Lately, I've started watching glitch channels. "Why", you might ask? Well, at first it was just for fun. But as I kept watching, I started to realize that not all the glitches were fun, pointless, or harmless. What do I mean by that?
Well, watching glitch channels has shown me just how many ways there are to exploit minor oversights and either totally bypass giant chunk of the game, or even bypass the entirety of the game.
I'll admit, finding ways of breaking a game after you've already beat it can be fun and greatly improve replay value to any game you've got, but some of these bugs were serious. Like the backwards long-jump in Super Mario 64, Navi Diving in Legend of Zelda: Ocarina of Time, the infamous Pokemon Blue/Red Missing Number, and Pokemon Silver/Gold Coin Case.

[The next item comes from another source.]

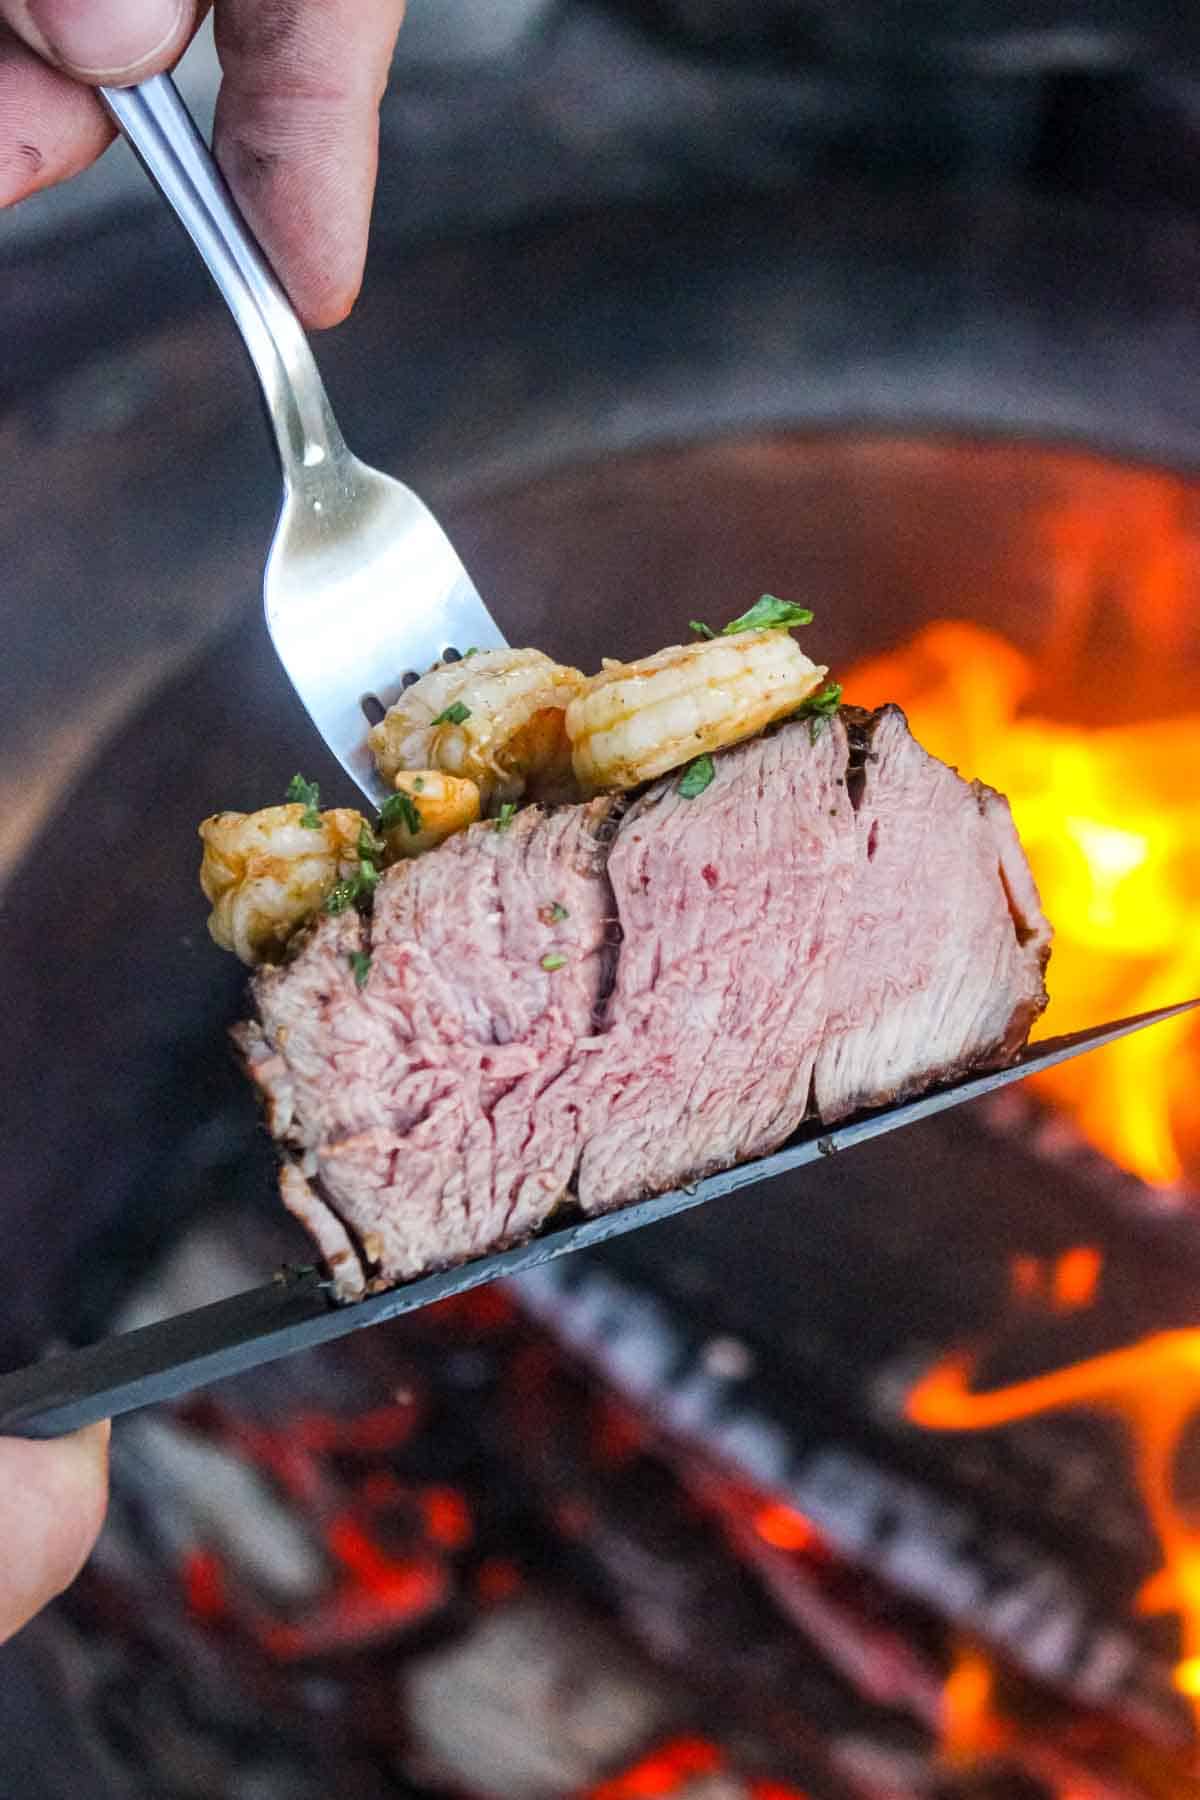 A close up shot of a sliced filet mignon with the garlic shrimp on top.

Watching these glitch channels is good for a dev in much the same way a Let's Play with commentary is. I watch Let's Plays to see how gamers interact with the game they're playing, how they think, how they react, where they look when they can't find something, how long they usually go before consulting a walkthrough, what they enjoy doing, and most of all, their comments and suggestions.
I watch glitch videos for much the same reason. To learn what ways gamers break and exploit a game's oversights, flaws, and elements. As a dev, you may find yourself saying "Eh, there's no way in hell they'll find a way to break this. It's so obscure."
Watch A+Start, here, where he spends half an hour abusing the Legend of Zelda: Wind Waker HD remake. Nothing is too obscure. And that's why I'm watching these. They teach me ways of thinking about my programming and level design, in order to avoid some of these bugs and glitches.